I recently received an email from Robert Greenwald and the Brave New Films team asking me the intriguing question, “What would you do with an extra $18,000 in your pocket?” Greenwald further explains that the $18,000 in cash is supposedly what each and every Burger King employee in America would have received in 2008 if Goldman Sachs (one of the fast-food chain’s largest owners) had shared its bailout billions with rank-and-file workers instead of allowing huge chunks of it to be pocketed by the top company honchos.

It seems that they don’t bother with workman’s grub such as burgers on Wall Street. Allegedly, Goldman Sachs ‘squandered $6.5 billion’ of US taxpayer money, via the bailout, on the much-maligned yet vaunted bonuses for the financial staff. Of course, as we all know well by now (thanks to the explicit ire of Barack Obama calling these ultra-fat bonuses obscene and scandalous in the midst of a reeling financial crisis), Goldman Sachs is but one of the several cases of obscene and scandalous bonuses on Wall Street in 2008, amidst a reeling financial crisis and post-bailout.
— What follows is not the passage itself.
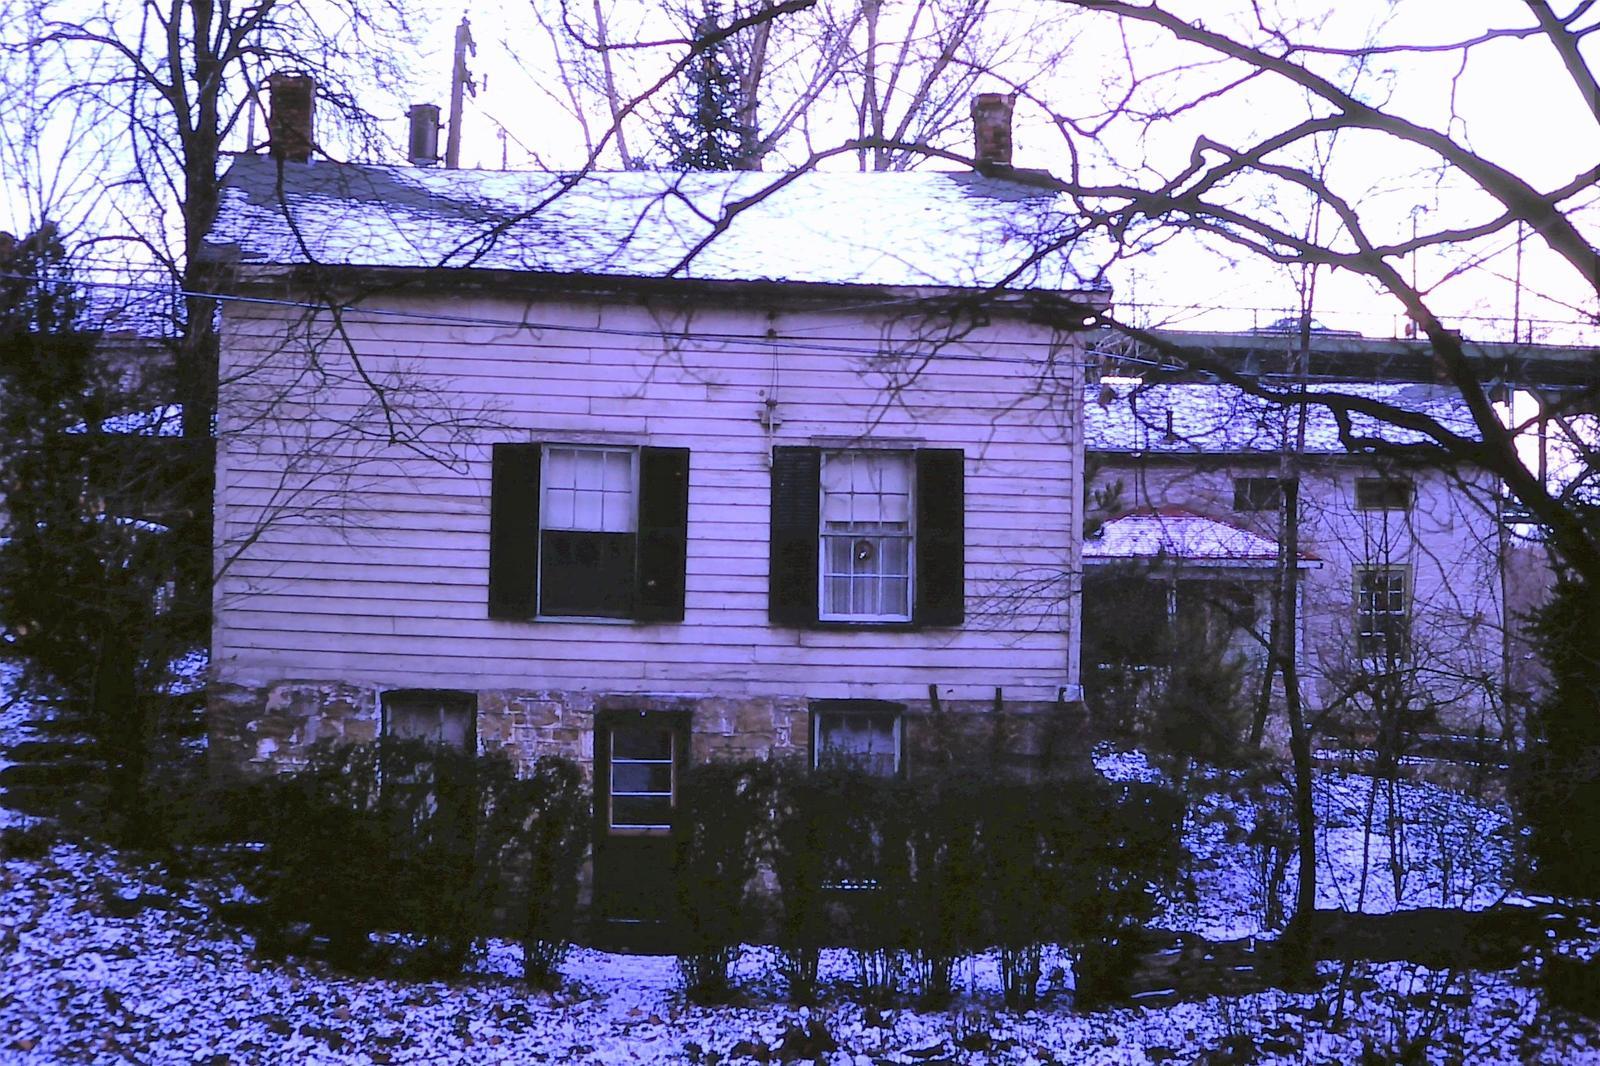 A House Near the Burgoyne Bridge

On the other hand, poor Burger King workers only earn wages averaging $14,000 a year. Basing it on the federal poverty line for a family of three, this annual income is below poverty line. This, of course, is America. Burger King employees in, say, Asia definitely earn even far below this designated American poverty line threshold. Greenwald’s team is conducting an online poll that will serve as their lobby to ask Goldman Sachs to return the bailout money.

It never ceases to astound me how Wall Street has become so savvy. I’ve always been amazed at the financial maneuvering tactics and wizardry of financial people. I’ve also heard that they won’t go to heaven.